Full example (all field categories)

# ── Metadata (universal) ──────────────────────────
name: admin_search_knowledge
description: Admin asks a content question, should use search tool
category: tool_usage
tags: [admin, regression, tool_calling]

# ── Prompt source files (for cache invalidation) ──
# SHA of these files becomes part of the cache key.
prompt_source_files:
  - app/services/chat_responder_service.rb
  - config/system_prompts/agent.txt

# ── Input context (suite-specific, open-ended) ────
# gstack treats input as opaque data passed to the runner.
# Different suites use different shapes:

# Agent/chat evals:
user_message: "What articles have we published about housing policy?"
user_state:
  fixture: admin_user
  overrides:
    city: "San Francisco"

# Email generation evals:
# user_context:
#   first_name: "David"
#   membership_status: active
#   memories: ["Works as ML engineer"]
# conversation_thread:
#   - direction: inbound
#     body: "Hi, I heard about your organization..."
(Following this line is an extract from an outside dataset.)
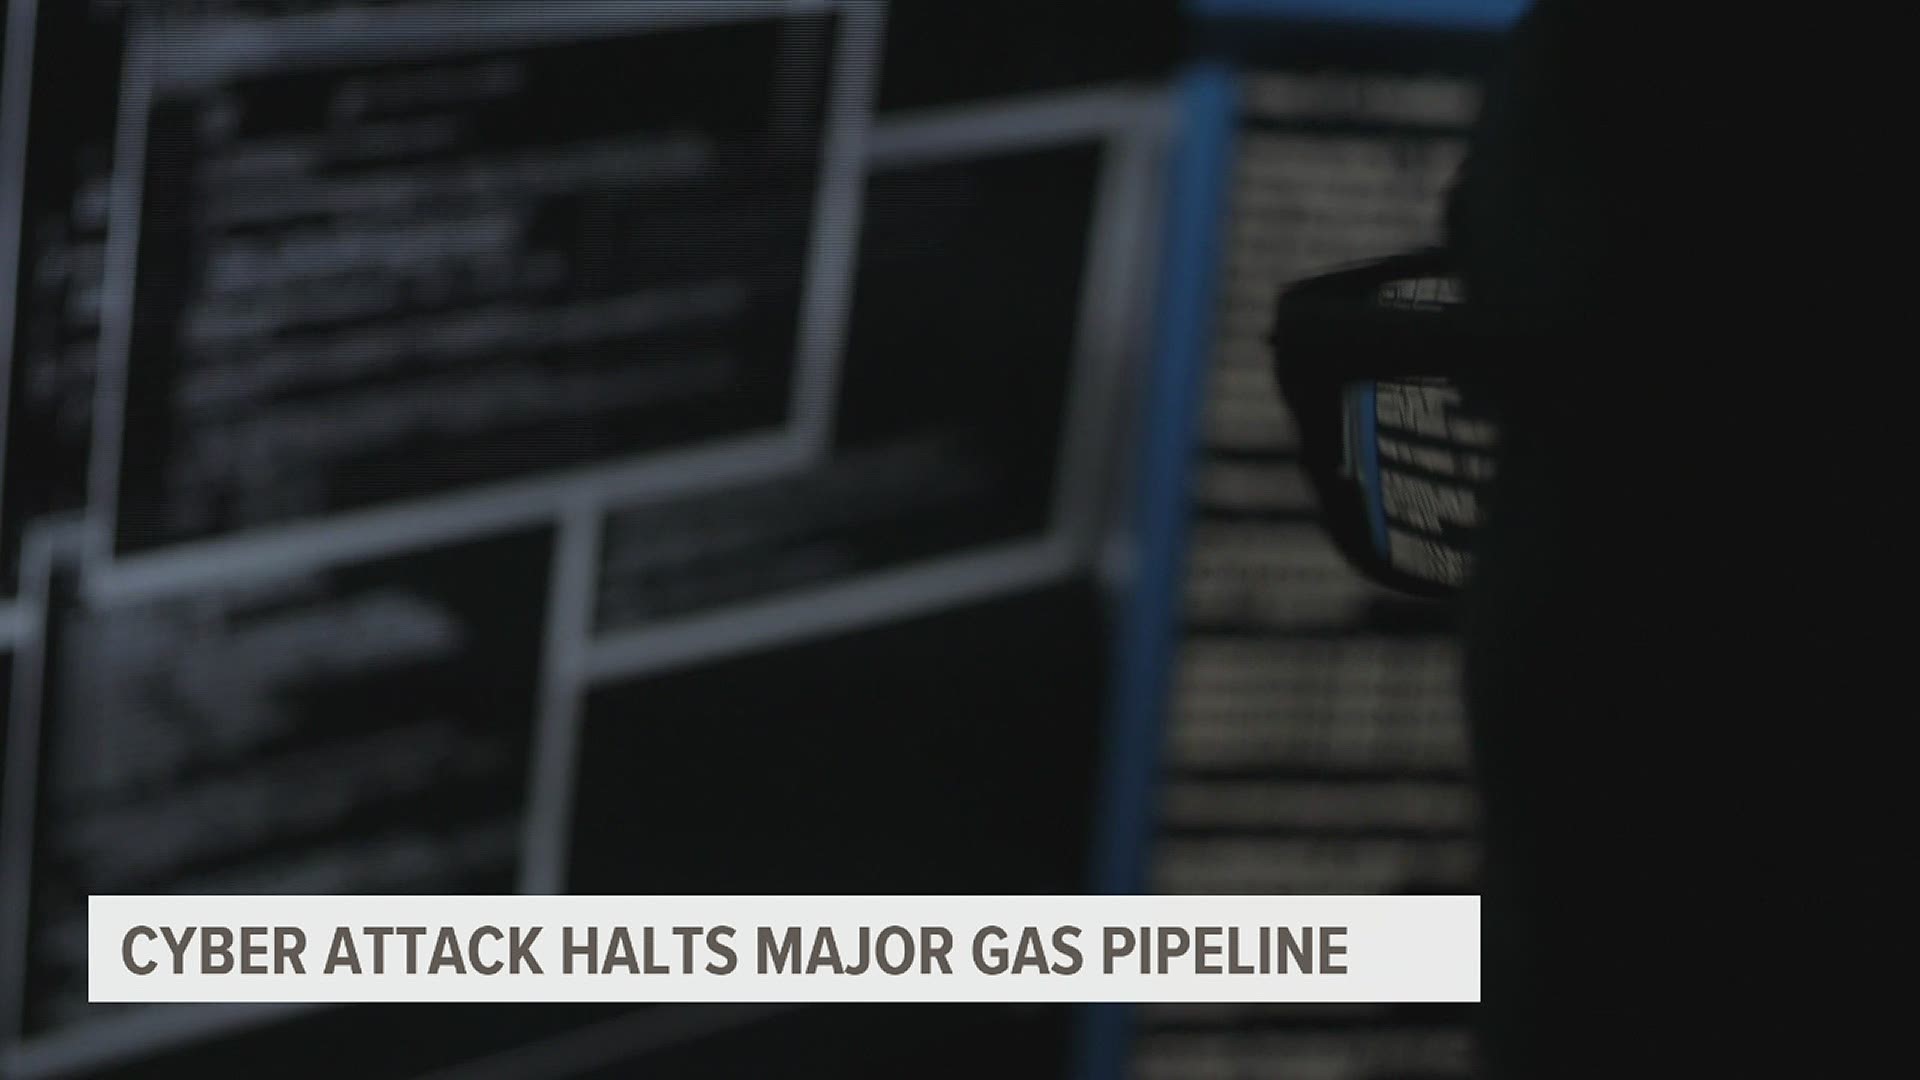 The pipeline shutdown has highlighted the risks faced by any company using the internet.

# Content scoring/classification:
# content:
#   title: "Policy Analysis"
#   raw_content: "The proposed legislation..."

# Fixture-based generation:
# fixture_name: bundle_housing_policy

# Text processing:
# text: "Full article text..."
# strategies: [recursive, semantic]
# chunk_size: 80

# Media analysis:
# media_type: youtube
# transcript: "Full transcript..."
# metadata: { duration_seconds: 2700 }

# ── Expectations (standardized) ───────────────────
expectations:

  # ── Tool calling ──
  - type: tool_called
    tool: search_knowledge
    required: true
    input_contains:
      query: "housing"
  - type: tool_not_called
    tool: update_user_profile

  # ── Text matching (supports regex: /pattern/i) ──
  - type: response_contains
    patterns: ["housing", "/\\b(policy|legislation)\\b/i"]
  - type: response_excludes
    patterns: ["I don't have access"]
  - type: body_contains
    patterns: ["Dear David"]
  - type: body_excludes
    patterns: ["Best regards", "/here's the kicker/i"]
  - type: body_contains_any
    patterns: ["housing", "homes", "zoning"]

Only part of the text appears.